The secret to better cancer care could already be on your wrist
MedicalXpress Breaking News-and-Events Nov 02, 2023
Your smartwatch could be the key to better, more personalized cancer care, UVA Cancer Center researchers suggest. A team of UVA Health researchers has demonstrated the potential of wearable and mobile devices such as smartwatches and smartphones to help doctors tailor treatments to the needs of individual patients. The scientists found that they could use wearable devices to predict patients' levels of cortisol, the insomnia and stress hormone.
Results from their laboratory experiments suggest that patients with pancreatic cancer who have high cortisol levels from disrupted sleep will experience faster growth of their tumors; that suggests that doctors could leverage this information from patients' mobile devices to help at-risk patients keep their cortisol levels down and, in turn, slow their tumor growth.

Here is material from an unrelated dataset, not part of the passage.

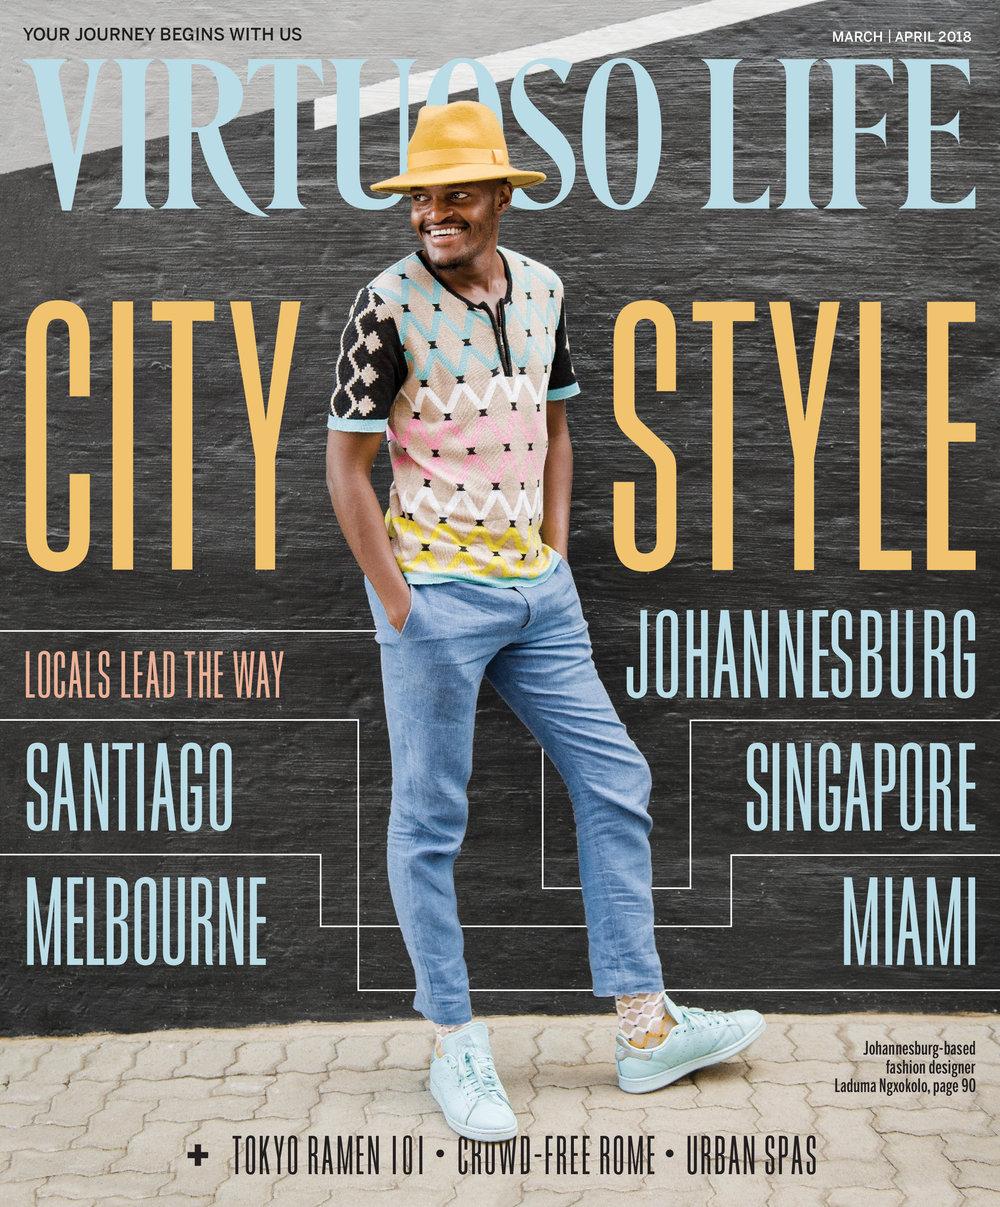 Cover shoot for Virtuoso Life magazine

While the work is still in the early stages, the UVA scientists say their efforts demonstrate the tremendous potential of "mobile sensing" for improving and individualizing cancer care. As so, they have charted out an ambitious plan that would bring together experts in many different areas—from psychology to engineering/data science to oncology—to capitalize on the untapped possibilities of devices that most of us already carry in our pockets or wear on our wrists.
"Our vision is that this could one day lead to individualized cancer treatment that is tailored to the behavioral health profile of the individual patient," said researcher Philip I. Chow, Ph.D., of the University of Virginia School of Medicine's Department of Psychiatry and Neurobehavioral Sciences and UVA's Center for Behavioral Health and Technology.
"We know that patients are diverse in terms of their mental and physical health. Things like insomnia and distress could be important factors in how quickly a patient's tumor grows and how resistant it is to cancer treatments. We're trying to advance a more precise model of care that takes into account a patient's health profile when making decisions about their cancer treatment in order to improve outcomes. It's a bit outside-the-box thinking, and to our knowledge nobody else is doing it."
Tapping tech to improve cancer care
In a new scientific paper, Chow and his collaborators, including UVA's Dan Gioeli, Ph.D., a cancer biologist and co-principal investigator on the research, argue there is "strong but unrealized potential to harness people's mobile sensing data to improve our understanding of their cellular and biologically based diseases." This, they say, has been made possible by recent breakthroughs in our ability to model cancer tumors.
Data about patients' hormones from wearable and mobile devices could be fed into such systems so that doctors could have unprecedented insights into an individual patient's disease and cancer progression, the researchers say.
By using a system that models how tumor cells grow (called the tumor microenvironment system, or TMES), the UVA team revealed that pancreatic cancer cells grew much faster in people with high cortisol from disrupted sleep. But there are many other potential applications of the technology, from understanding how patients' behaviors affect their cancers to benefiting fundamental cancer research, the researchers say.
"By bringing together different scientific disciplines, we can more effectively model cancer in the laboratory and then possibly learn, one, how a patient's cancer will respond to specific therapies and, two, how helping manage a patient's sleep or stress levels can impact that therapy," said Gioeli, of UVA's Department of Microbiology, Immunology and Cancer Biology. "It is incredibly exciting to be working on a team of scientists with such diverse expertise to do something unique and potentially impactful for patients."
The UVA researchers envision that one day soon patients might wear a smartwatch connected to an app on their phones that would securely transmit encrypted data to their health care providers. Artificial intelligence would estimate their hormone levels from their behavioral patterns, and those levels would be displayed in their electronic health records so that clinicians could leverage the information to make the best care decisions.
"Continuously monitoring patients' underlying hormone levels has immense potential for improving their care, given how impactful they are to cellular function and body systems," Chow said. "This work is the result of a collaboration across multiple disciplines, including mental and behavioral health, engineering, data science, medical oncology, surgical oncology and cancer biology. By combining our expertise, our aim is to advance cancer treatment that is more precise and tailored to the individual patient."
The researchers have described their plan in the journal Internet Interventions.